= List of United States Supreme Court cases, volume 587 =

| Case name | Docket no. | Date decided |
| Republic of Sudan v. Harrison | 587 U.S. 1 | March 26, 2019 |
Under the Foreign Sovereign Immunities Act, civil complaints and summons must be served directly to the foreign minister's office in the minister's home country, not to their home country's embassy within the United States.
| Sturgeon v. Frost II | 587 U.S. 28 | March 26, 2019 |
The ANILCA defines navigable waters in Alaska as "non-public" lands and that they are exempt from the National Park Service's national regulations.
| Lorenzo v. SEC | 587 U.S. 71 | March 27, 2019 |
A defendant can be held civilly liable by the SEC for participating in a securities fraud scheme by distributing false statements, even if those statements were written by another person.
| Biestek v. Berryhill | 587 U.S. 97 | April 1, 2019 |
A vocational expert's refusal to provide private market-survey data upon the applicant's request does not categorically preclude the testimony from counting as "substantial evidence."
| Bucklew v. Precythe | 587 U.S. 119 | April 1, 2019 |
Baze v. Rees and Glossip v. Gross govern all Eighth Amendment challenges alleging that a method of execution inflicts unconstitutionally cruel pain.

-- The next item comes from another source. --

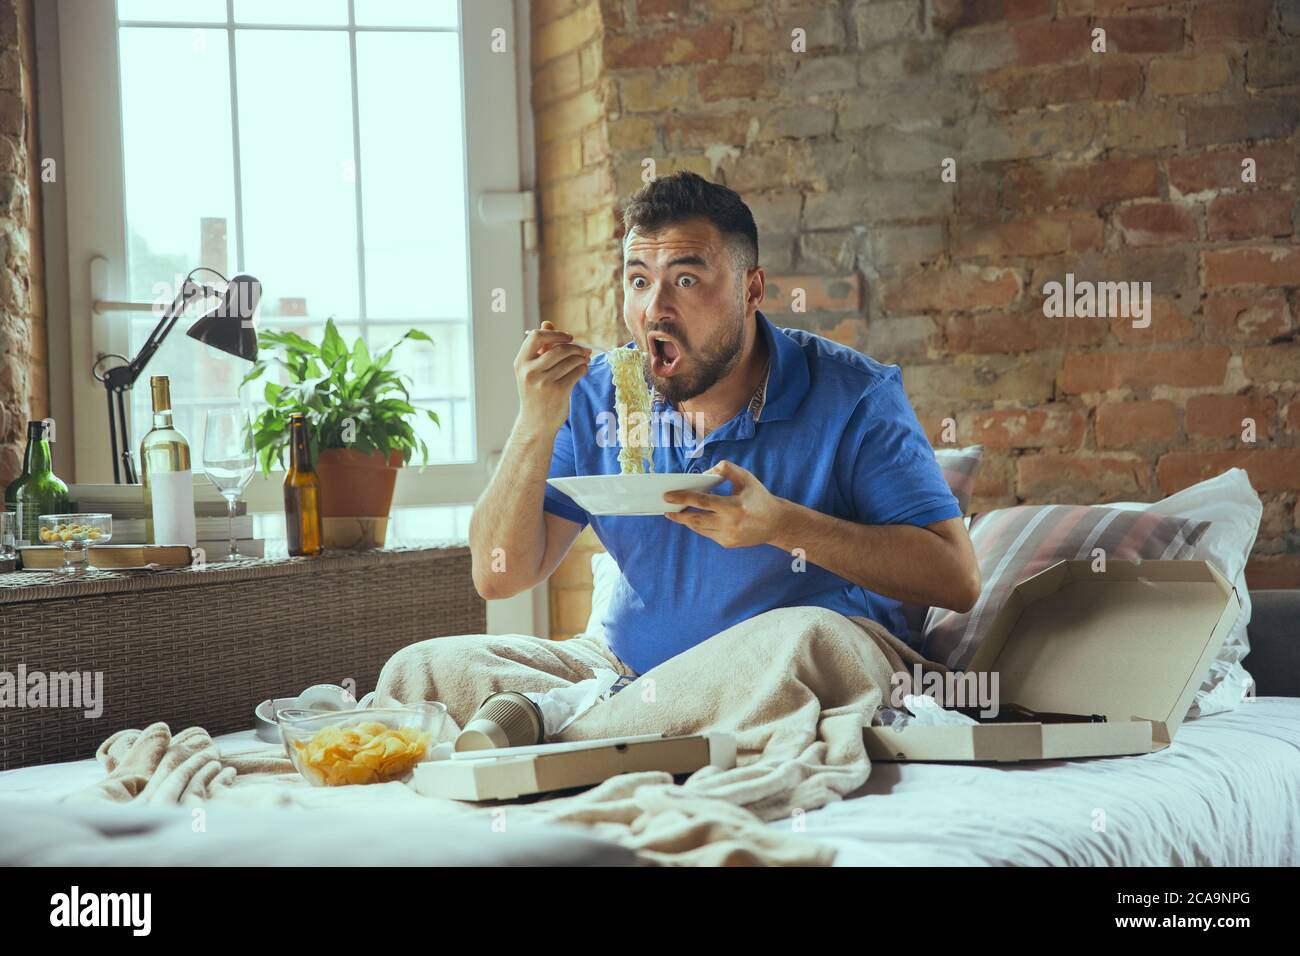 Shocked eating instant noodle. Lazy man living in his bed surrounded with messy. No need to go out to be happy. Using gadgets, watching movie and series, looks emotional. Eating snacks and fast food. Stock Photo

The specific as-applied challenge to the Eighth Amendment (that lethal injection would cause extreme pain due to a rare medical condition) did not meet these previous tests.
| Emulex Corp. v. Varjabedian | 587 U.S. 175 | April 23, 2019 |
Dismissed as improvidently granted.
| Lamps Plus, Inc. v. Varela | 587 U.S. 176 | April 24, 2019 |
Class arbitration procedures could not be compelled based on ambiguous language in the arbitration agreement.
| Thacker v. TVA | 587 U.S. 218 | April 29, 2019 |
The waiver of immunity in the TVA's sue-and-be-sued clause is not subject to a discretionary function exception of the kind in the Federal Tort Claims Act.
| Franchise Tax Bd. v. Hyatt | 587 U.S. 230 | May 13, 2019 |
States have sovereign immunity from private suits against them in courts of other states without their consent.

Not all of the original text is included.